We use MajorTOM (Major TOM: Expandable Datasets for Earth Observation), a large-scale dataset released by the European Space Agency (ESA). Specifically, we work with the Core-S2L2A-249k subset, which provides global Sentinel-2 Level-2A multispectral imagery at 10 m ground resolution.
| Dataset | Source | Samples | Sensor |
|---|---|---|---|
| MajorTOM-Core-S2L2A | Sentinel-2 L2A | 2,245,886 | Multispectral (10 m) |
Because the original tiles are large (1068 × 1068 pixels) and the full dataset exceeds 23 TB, we create a lightweight, search-friendly version:
- Center Cropping — From each tile we extract the central 384 × 384 patch, which matches the input size expected by modern vision transformers.
- Uniform Sampling — Using MajorTOM's hierarchical grid coding system, we sample roughly 1% of the data (~249k images). This preserves global geographic coverage while keeping the embedding index small enough for interactive search.
The retrieval engine is powered by four complementary embedding models. Think of them as different "encoders" that map images, text, or coordinates into a shared latent space. If you are coming from remote sensing, think of them as feature extractors that turn raw pixels (and optional metadata) into comparable signatures.
The four models we use:
| Model | Modality | Training Data | Best For |
|---|---|---|---|
| SigLIP [3] | image + text | Natural image–text pairs (web) | General open-vocabulary text queries |
| FarSLIP [4] | image + text | Satellite image–text pairs (RS-specific) | Fine-grained remote-sensing concepts |
| SatCLIP [5] | image + location | Satellite image–GPS coordinate pairs | Location-aware retrieval |
| DINOv2 [7] | image only | Natural images (self-supervised) | Pure visual similarity search |
- SigLIP improves upon CLIP with a sigmoid loss and works well for everyday vocabulary.

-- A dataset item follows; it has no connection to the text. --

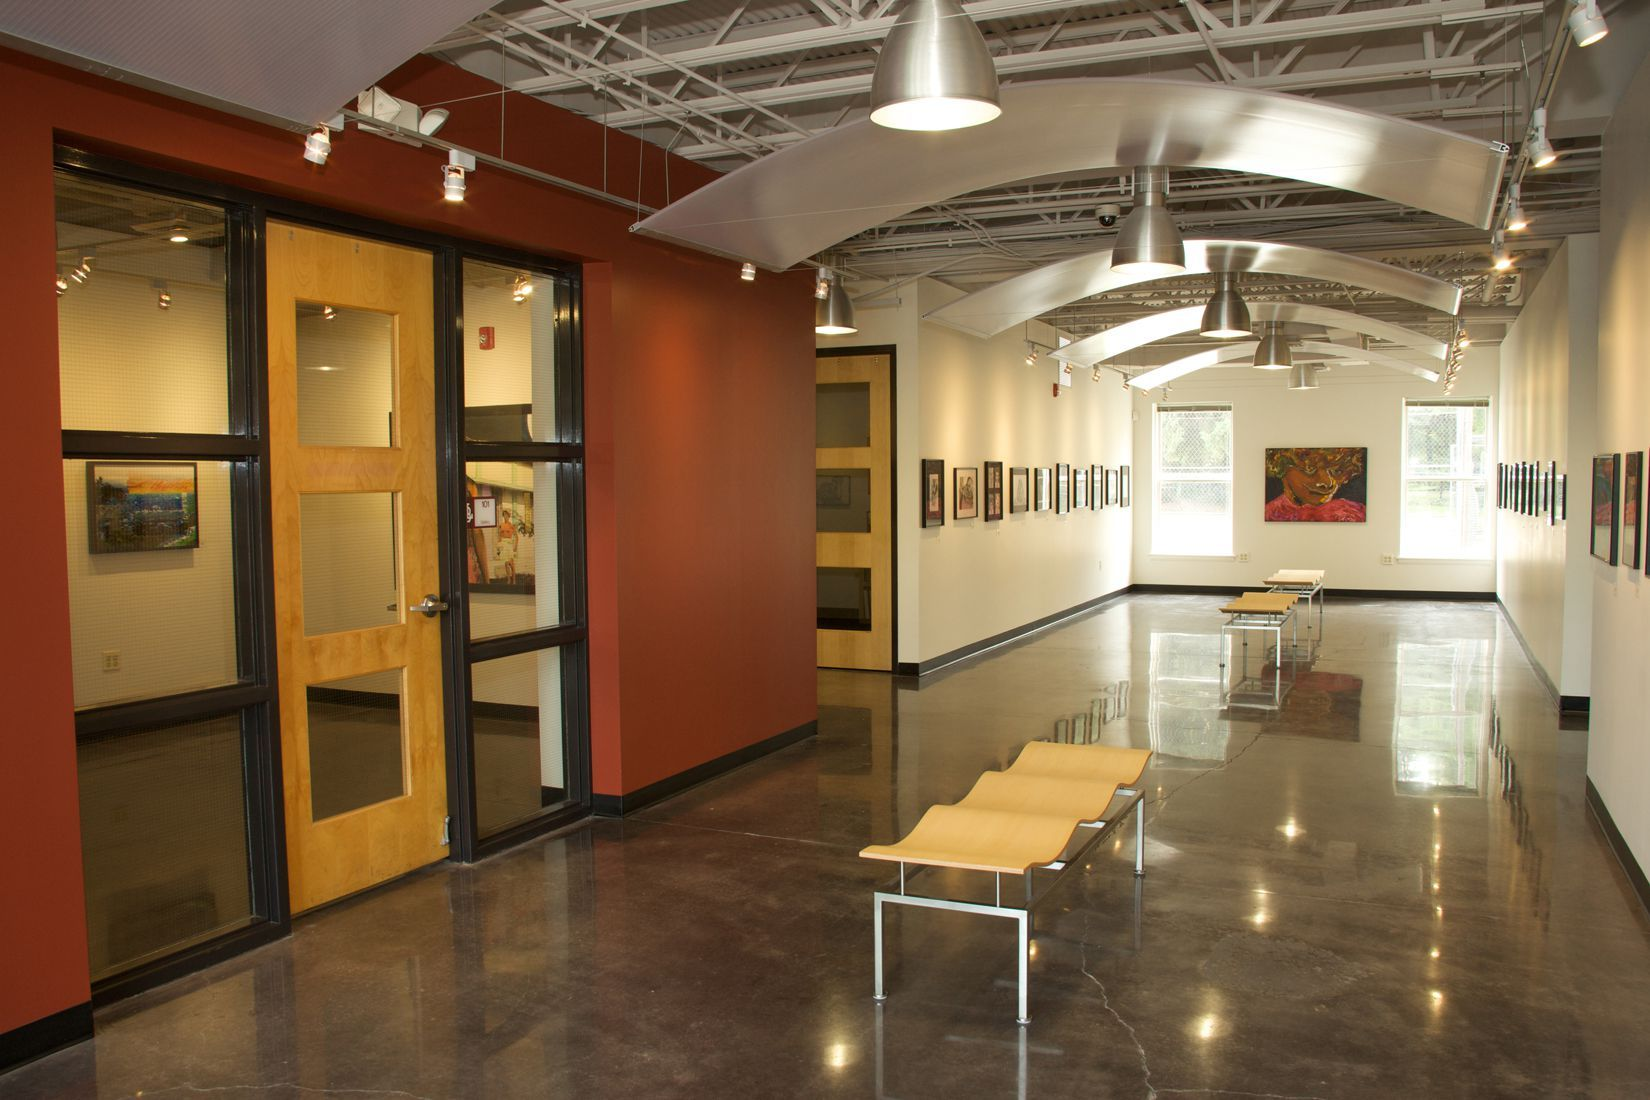 interior design schools in maryland http gandum xyz 072619

- FarSLIP is fine-tuned on remote-sensing captions, making it better at concepts like "deforestation" or "salt evaporation ponds".
- SatCLIP jointly encodes images and their geographic coordinates, enabling queries like "show me places near (lat, lon)".
- DINOv2 learns powerful visual features without any text supervision; it excels at "find me images that look like this one".
Models such as CLIP [2] learn to align images and text by training on massive pairs of (image, caption) data from the web. An image encoder compresses a photo into a vector; a text encoder does the same for a sentence. The key property is that semantically matching pairs end up close together in vector space, while unrelated pairs are far apart.
Search pipeline:
- We pre-compute embeddings for all ~249k sampled satellite images using each of the four models.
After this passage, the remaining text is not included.